I went for a walk-jog this morning and will repeat each day this week as Ray is our normal morning dog-walker but he’s under the weather right now.  It was cool and bright and beautiful outside this morning and my whole body felt like it was absorbing the freshness in the air and injecting that freshness right into my mood.  After our outing, Gracie chilled on her mat by my feet and I had a coffee and rocked on my bench outside.  We even saw a hummingbird go zipping by!

These beauties grow wild just behind my parking spot at work.  Scissors + tall glass of water = instant happy.  And free!

These beauties grow wild just behind my parking spot at work. Scissors + tall glass of water = instant happy.
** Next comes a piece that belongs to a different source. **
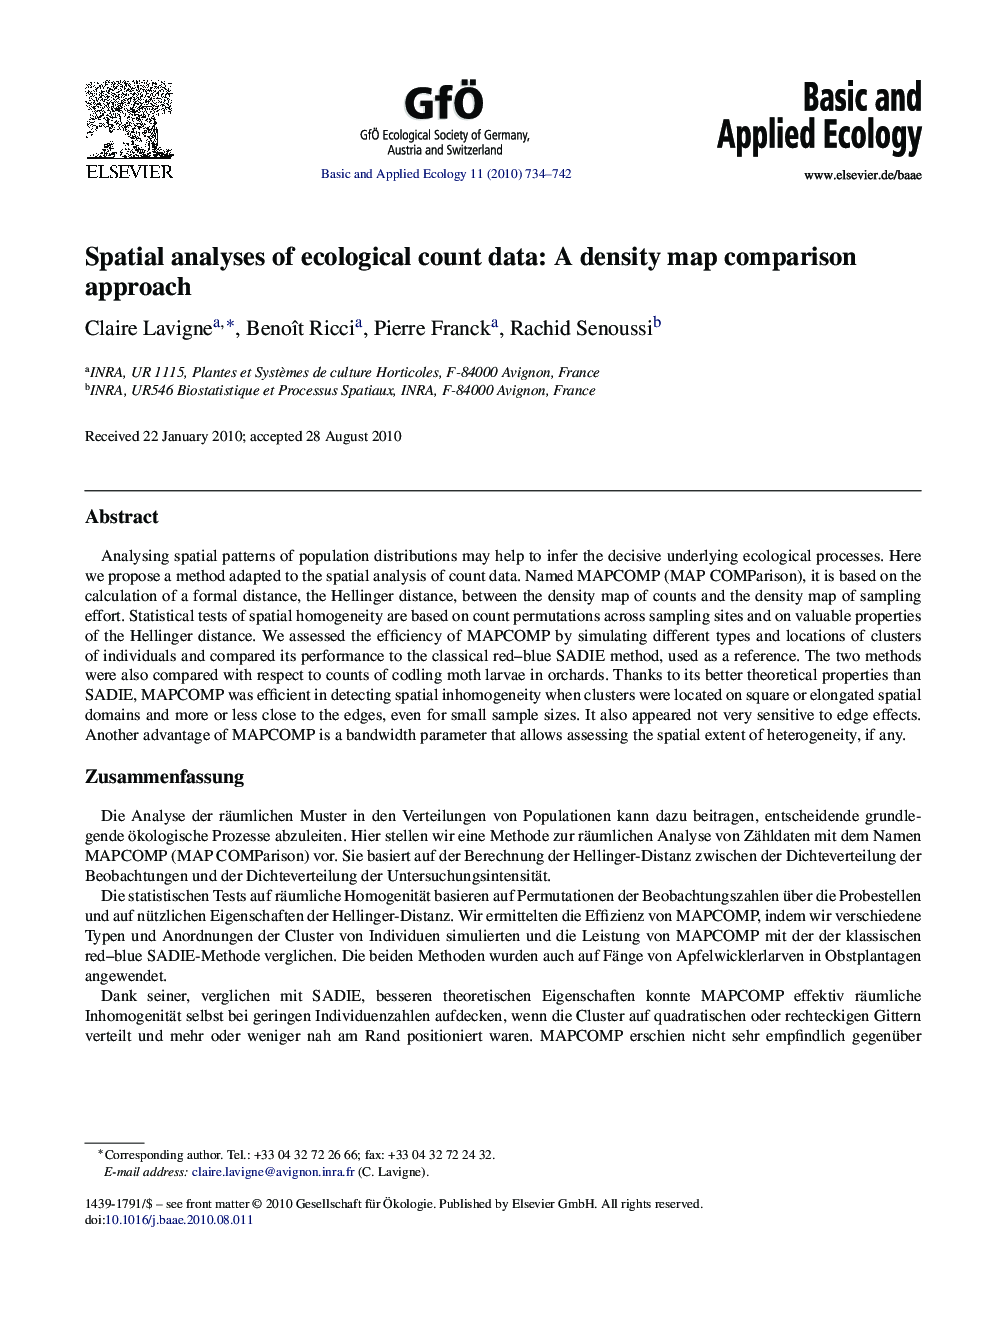 Spatial analyses of ecological count data: A density map comparison approach

And free!

I wanted to share this post from Beauty Redefined (www.beautyredefined.net) because it is the basis of how I am learning to treat myself better. 

 BRedefined

Their website was the impetus behind unlocking the door that holds my “real” self inside and letting her out.  The self that deserves love and respect, always.  The self that doesn’t abuse herself mentally over food or weight.  The self that asks for help and prioritizes taking care of herself.  Not later when I’ve run 10km.  Not later when I’ve lost 20#.  Not later when the gym is built or I have more money or I’ve had a boob job.  Right now.  The now that is occurring at every second of every day.  If I really believe that I will deserve more respect and love 20# from now….then by default does that mean that until that happens I have to accept whatever anyone wants to throw at me?  If I believe that my boss will respect me more or reward my efforts more when my boobs are bigger, then by default that means that as a human I deserve nothing….as a pair of breasts I deserve everything.  Bit backwards, ya?  If I really believe that I will be happier with $5,000 in the bank and a tropical vacation under my belt then by default that means that until that happens I’m destined to be miserable, no happiness.  If I don’t love myself then it is impossible for me to believe that Ray loves me; he’ll never win.  No matter how much or how often he shows or tells me that he cares about me and wants me and needs me it will never, ever be enough to convince me.  That’s my issue and one that I am actively working on……….by not believing that I need to be fixed or altered or corrected in order to be loved and respected and valued.  The old Dr. Phil thing is right, you teach people how to treat you….and more, you teach yourself how to treat you. 

I wanted to share that post…and encourage any woman who has ever felt like they don’t match up to what the “ideal” woman looks like or behaves like, to go and check out the website.  And really look at the lies that we’re being fed all day long.  Really listen to who is saying it and what they are trying to get you to believe and for what purpose.  There is no standard, there is no ideal, there is no bar to measure up to.  There is only us, our wants, needs, hopes, dreams. The rest of it does not matter…..it is designed and driven by enormous corporations who do not give a shit about the women they are marketing to or how they feel.  They are trying to sell you something that, no matter how much time, money or effort you put in, you will never get.  Ever.  They are selling you the idea that you are not good enough as you are.  No one should be buying that bullshit.